Errors occur in implementation as well. The action initiatives that emerge from an organization’s processes — from committees, from CEOs, from intermediate-level leaders, from informal groups of staff — are also vulnerable to errors of implementation. The facilities team formulates a plan for re-surfacing a group of parking lots; this plan depends upon closing these lots several days in advance; but the safety department delays in implementing the closure and the lots have hundreds of cars in them when the resurfacing equipment arrives. An error of implementation.
One way of describing these kinds of errors is to recognize that organizations are “loosely connected” when it comes to internal processes of information gathering, decision making, and action. The CFO stipulates that the internal audit function should be based on best practices nationally; the chief of internal audit interprets this as an expectation that processes should be designed based on the example of top-tier companies in the same industry; and the subordinate operationalizes this expectation by doing a survey of business-school case studies of internal audit functions at 10 companies. But the data collection that occurs now has only a loose relationship to the higher-level expectation formulated by the CFO. Similar disconnects — or loose connections — occur on the side of implementation of action steps as well. Presumably top FEMA officials did not intend that FEMA’s actions in response to Hurricane Katrina would be as ineffective and sporadic as they turned out to be.

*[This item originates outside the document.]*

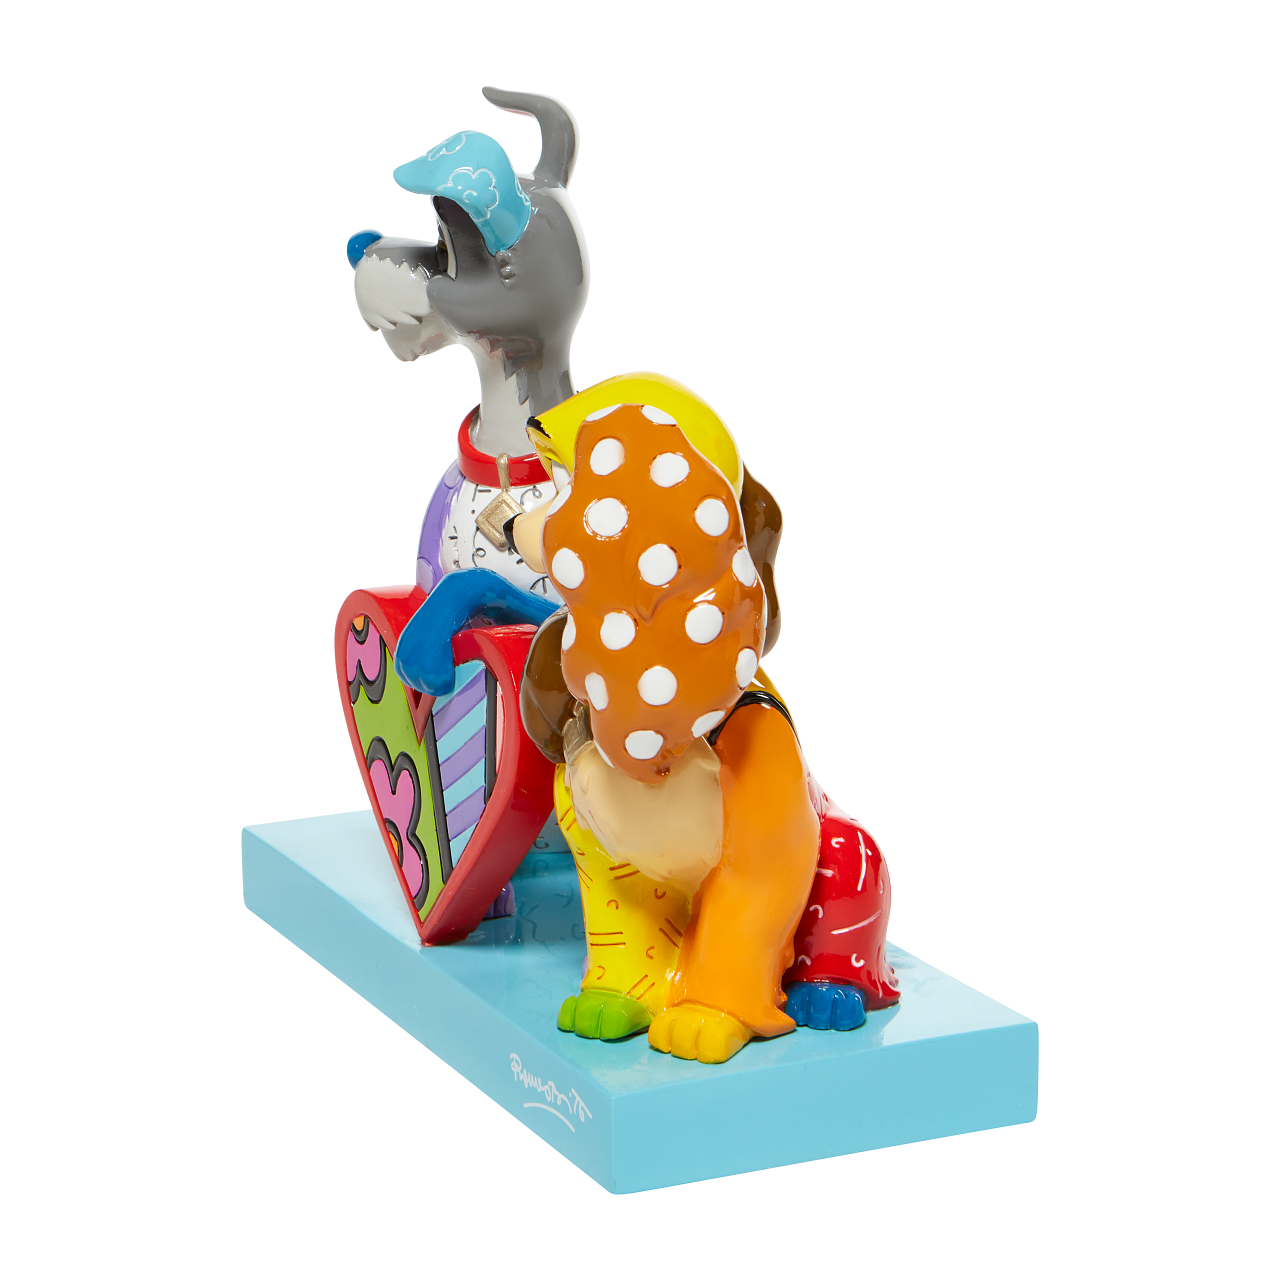 Disney Britto - Lady & the Tramp Numbered Limited Edition 3000 - britto, Disney, enesco, lady & the tramp, limited edition, New Arrivals - Gadgetz Home

Organizations also have a tendency towards acting on the basis of collective habits and traditions of behavior. It is easier for a university’s admissions department to continue the same programs of recruitment and enrollment year after year than it is to rethink the approach to recruitment in a fundamental way. And yet it may be that the circumstances of the external environment have changed so dramatically that the habitual practices will no longer achieve similar results. A good example is the emergence of social media marketing in admissions; in a very short period of time the 17- and 18-year-old young people whom admissions departments want to influence went from willing recipients of glossy admissions publications in the mail to “Facebook-only” readers. Yesterday’s correct solution to an organizational problem may become tomorrow’s serious error, because the environment has changed.
In a way the problem of organizational errors is analogous to the problem of software bugs in large, complex computer systems. It is recognized by software experts that bugs are inevitable; and some of these coding errors or design errors may have catastrophic consequences in unusual settings. (Nancy Leveson’s Safeware: System Safety and Computers provides an excellent review of these possibilities.) So the task for software engineers and organizational designers and leaders is similar: designing fallible systems that do a pretty good job almost all of the time, and are likely to fail gracefully when errors inevitably occur.